Para o sociólogo Ignacio Cano, do Laboratório de Análise da Violência da Uerj, o caso revela a banalização da violência no Brasil, onde bater em alguém para “ensinar uma lição” é considerado normal e legítimo. “Espancar não é nada incomum. O que não é tão comum é que esse espancamento resultou na morte. Mas o espancamento, infelizmente, é comum.”

Protestos contra racismo e xenofobia

Segundo Cano, o que chama a atenção é a grande comoção que o crime despertou na sociedade brasileira. Ele afirma que, enquanto em outros países a morte de um migrante atrai menos atenção do que a de um cidadão local, no Brasil ocorre o contrário.

Foi justamente o fato de Moïse ser migrante, estrangeiro e negro que chamou a atenção, de acordo com o especialista. “A consciência do racismo está crescendo, e portanto quando há uma vítima negra, ostensivelmente negra como um congolês, isso gera uma reação mais forte. E também essa questão da consciência da fragilidade, da ideia de que pessoas como ele são mais vulneráveis.” 

No último sábado, milhares de brasileiros protestaram em todo o país contra o racismo e a xenofobia. Também houve protestos em frente à embaixada brasileira em Berlim. Esse é um sinal claro, de acordo com a deputada Talíria Petrone.

“As manifestações têm demonstrado não ser mais possível conviver com crueldades como essa e tantas outras que tiram o nosso sono, destroem famílias inteiras, dilaceram o coração e a alma de mães que perdem seus filhos para a violência de um Estado racista.”

Para o teólogo Rodolfo Capler, pesquisador do Laboratório de Política, Comportamento e Mídia da Fundação São Paulo/PUC-SP, o alto interesse do público mostra que a sociedade brasileira é sensibilizada por movimentos estrangeiros como o Black Lives Matter.

Segundo ele, principalmente a geração mais jovem está aberta para esse “impulso mundial”. “Essa geração, que chamo de geração selfie, é a geração mais inclusiva da história”, diz Capler. Ao mesmo tempo, ele ressalta que o Brasil vive um aumento da violência contra minorias sob Bolsonaro, alimentado pelo próprio discurso do governo.
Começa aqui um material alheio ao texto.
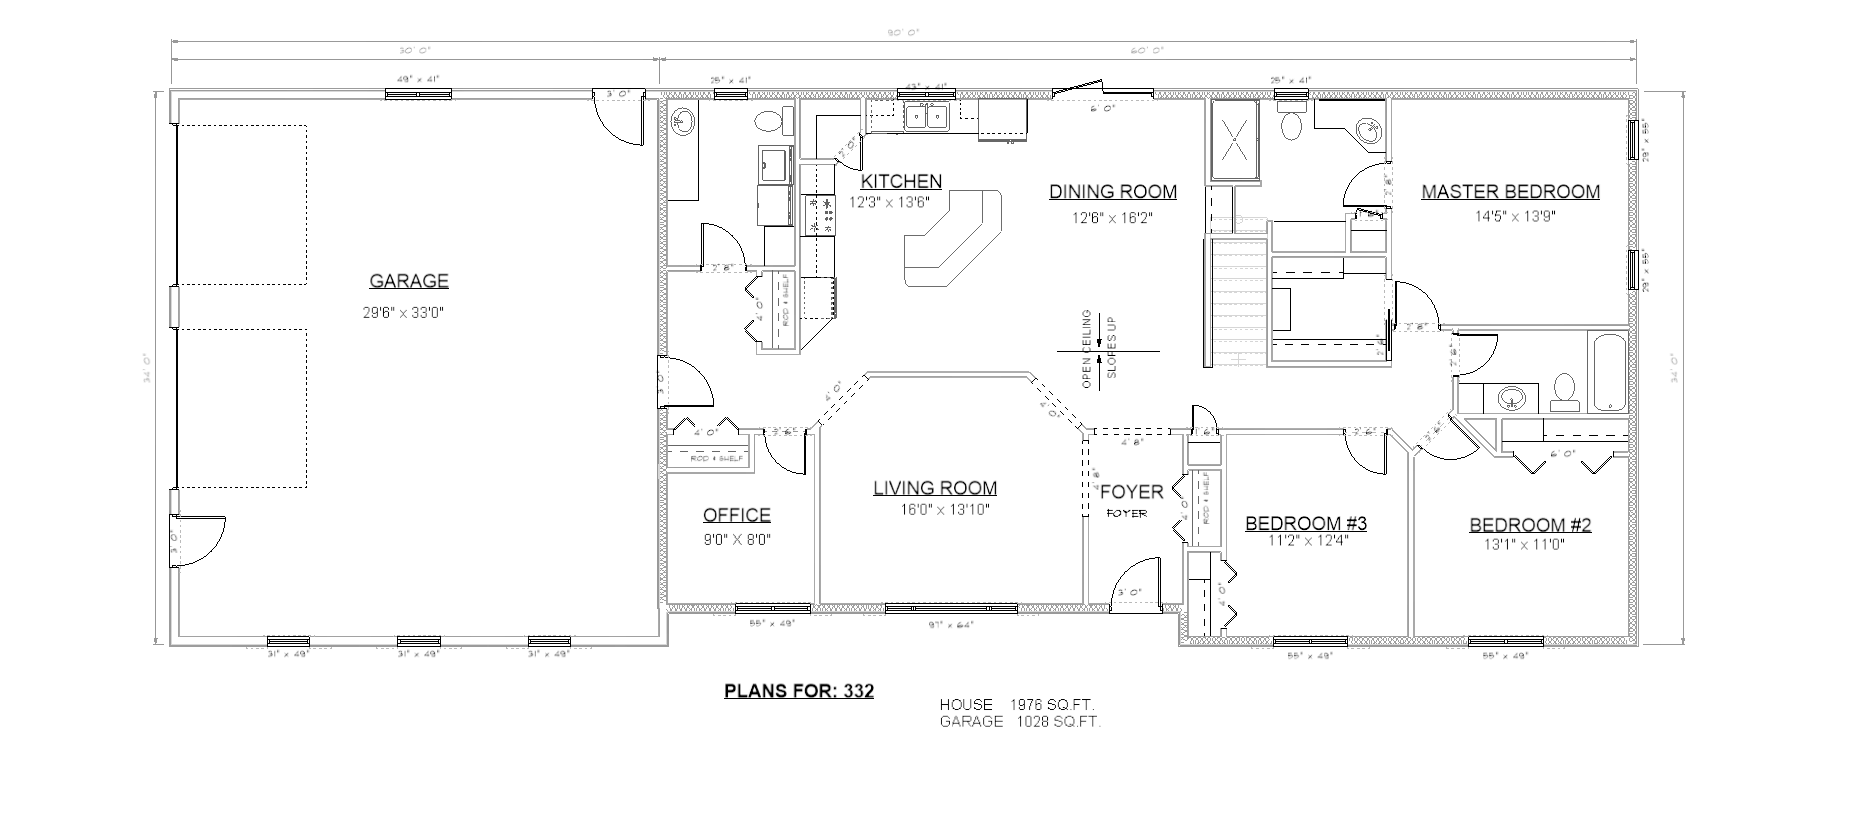 Penner Homes Floor Plan Id: 332

Racismo cotidiano em vez de democracia racial

Para Capler, a violência racista cotidiana é a prova de que a teoria de uma democracia racial que supostamente prevalece no Brasil não procede. Criada pelo sociólogo Gilberto Freyre na década de 1930, ela afirma que o racismo seria progressivamente reduzido pela crescente mistura de raças.

Segundo o teólogo, isso não aconteceu. “O racismo nosso de cada dia usa uma roupagem de democracia racial. Mas aqui não há uma democracia racial. Negar isso é uma forma de camuflar o racismo, de negar a realidade.”
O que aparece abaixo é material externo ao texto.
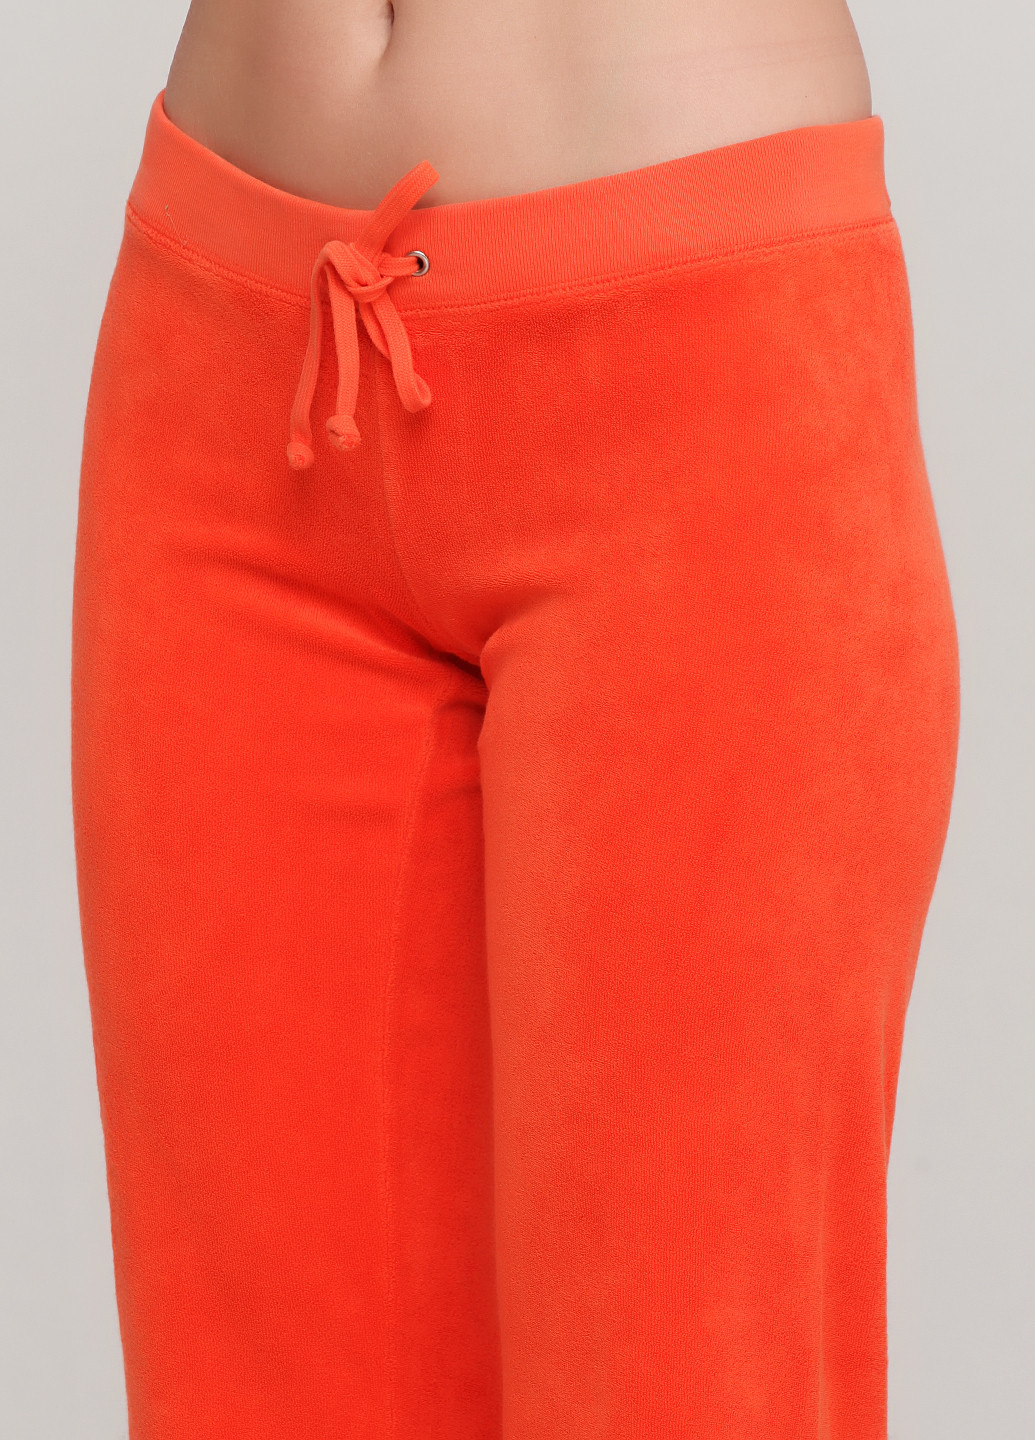 Костюм (толстовка, брюки) Juicy Couture брючный однотонный оранжевый спортивный

A prefeitura do Rio agora quer dar o exemplo e fazer um memorial a Moïse no local do crime. Para isso, os dois quiosques serão convertidos num espaço de celebração de cultura de países africanos. O prefeito Eduardo Paes também cedeu um deles, o Tropicália, à família da vítima nesta segunda-feira. A mãe de Moïse e os quatro irmãos estão autorizados a gerir o quiosque até 2030. Já o quiosque Biruta, que fica ao lado, onde o congolês também prestava serviços, será passado à família de Moïse após definição de uma disputa judicial, conforme o prefeito.

Ignacio Cano elogia a resposta rápida da prefeitura, sublinhando que a medida é, ao mesmo tempo, uma providência de apoio à família da Moïse. “Isso manda um sinal para futuros casos: essas não são pessoas que se mata com facilidade, são pessoas que têm valor.”

A deputada Talíria Petrone também saúda a iniciativa da prefeitura, mas também expressa preocupação: “É difícil imaginar como essa família vai conseguir atuar e viver num espaço onde um dos seus foi espancado até a morte.”